I was at the hobby store, and bought some #2 pushrods to make rudder shafts, but the closest brass tube ( or any kind of metal tube) was 1/8 inch, which is close, but not correct. It’s important to keep the gaps small on the rudder log to keep water out.
That’s how I build them, but there’s some merit to having the good fit to eliminate slop. A sloppy rudder makes the boat hard to steer straight, IMO.
I was thinking of heating the tube with the steel rod inside, and rolling them between some boards or metal plates. I’ve seen people shrink sheet brass by hammering it together, so my method is a little like that.
I was considering using some gold foil, but I think that would be difficult to get it into the shaft log without nicking or cutting it. I think Teflon tape would be about he same, and only 1 layer would be needed.
Oh, ok…I thought the question was about leakage…
I doubt that a little bit of looseness will make any difference.
Well, all I can say is give it a try & let us know if it works. If you’re really all that worried about it, perhaps you could wax the rod & fill up the void with epoxy. Or you could wrap the rod with aluminum foil & insert it in the tube. How about some thick grease? Maybe that would help with the leakage “problem” at the same time. Let’s see a picture of the boat.
you could try roller peening the tube.
put the smaller shaft inside, then with something solid, like metal pipe.
put the assembly on a hard surface, and mush down while rolling.
just a thought.
i’m going to try it now with some alu tube.
tell ya if it works in about 10 minutes.
Maybe you can squeeze down the brass tube locally to prevent play between oversized tube and a rudder shaft.

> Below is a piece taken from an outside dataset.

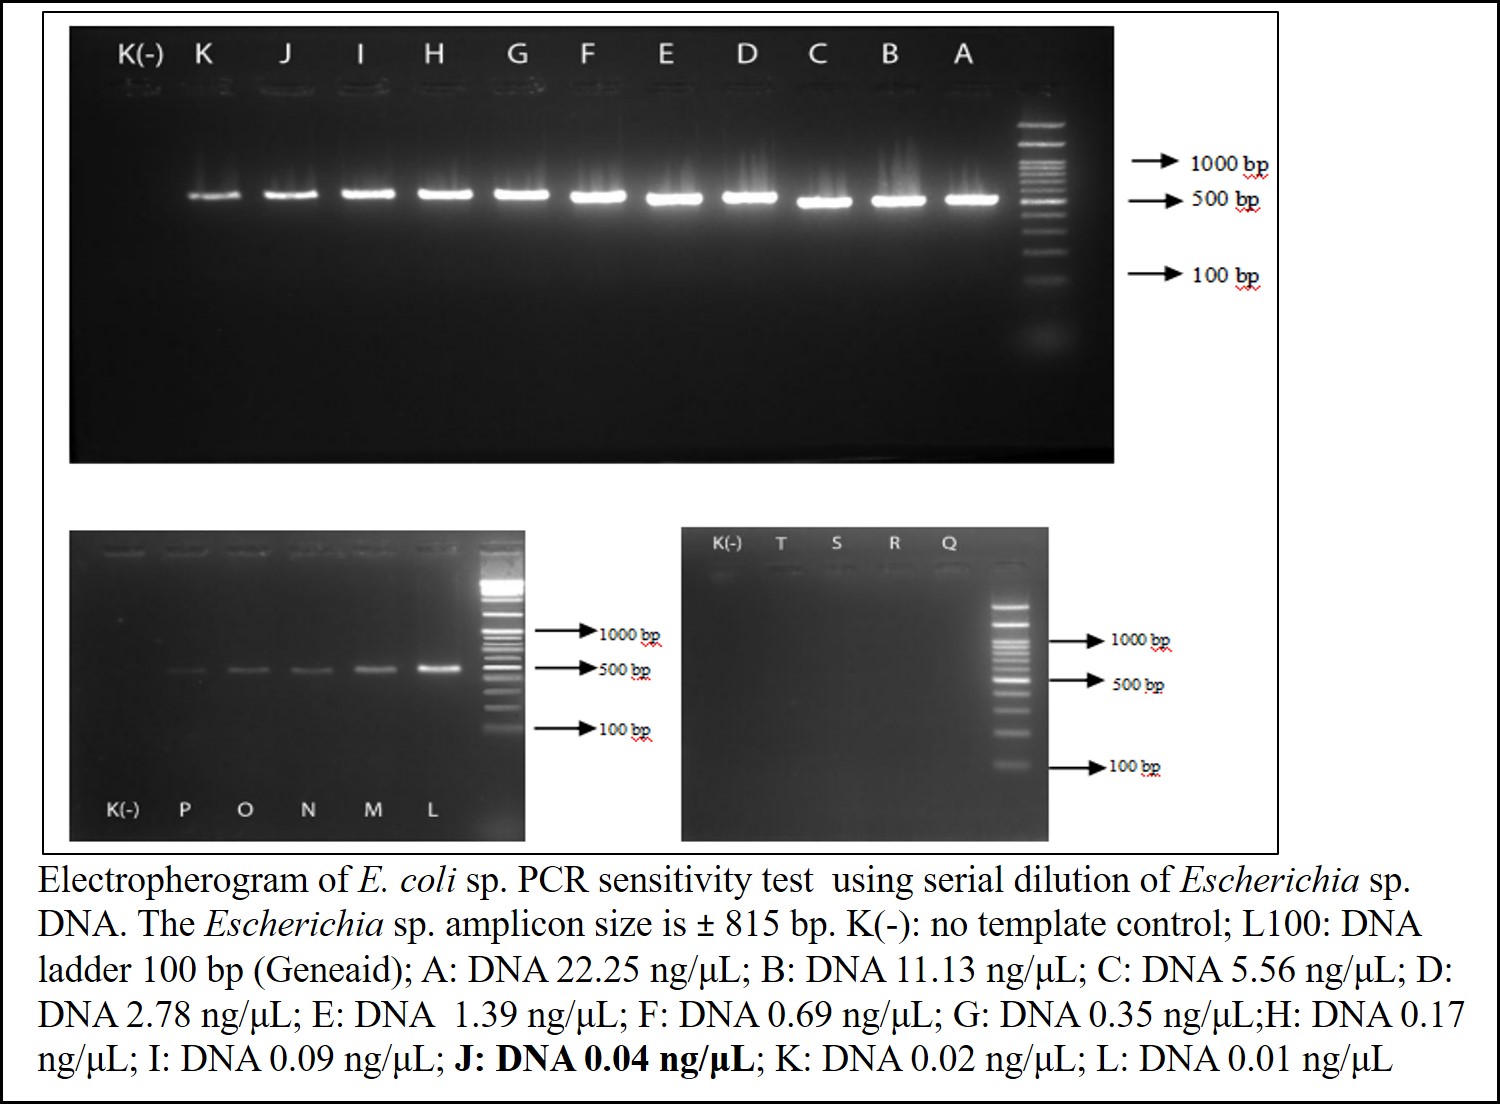 Electropherogram of E. coli sp. PCR sensitivity test  using serial dilution of Escherichia sp. DNA. The Escherichia sp. amplicon size is ± 815 bp. K(-): no template control; L100: DNA ladder 100 bp (Geneaid); A: DNA 22.25 ng/μL; B: DNA 11.13 ng/μL; C: DNA 5.56 ng/μL; D: DNA 2.78 ng/μL; E: DNA  1.39 ng/μL; F: DNA 0.69 ng/μL; G: DNA 0.35 ng/μL;H: DNA 0.17 ng/μL; I: DNA 0.09 ng/μL; J: DNA 0.04 ng/μL; K: DNA 0.02 ng/μL; L: DNA 0.01 ng/μL

Take a tube cutter and set it so it just squeezes a little way into the tube. You will be trying to just squeeze a ring in the tube at each end of the rudder shaft, not actually cut the tube. If you go a little at a time you should be able to squeeze a ring just a bit then check for slop, then squeeze some more, check, etc.
When you are happy with the fit you can put some waterproof grease inside the tube on assembly to cut down on friction at the squeezed rings.
This was written up in either the “EC12 manual” or “Optimizing the EC12” as a method of making a “below waterline height” rudder tube be waterproof. And it does work for that as well.
I always buy the two sizes of brass tubes that fit one inside the other. Then I don’t have the dis-similar metal corrosion problems, AND they are made to fit inside one another.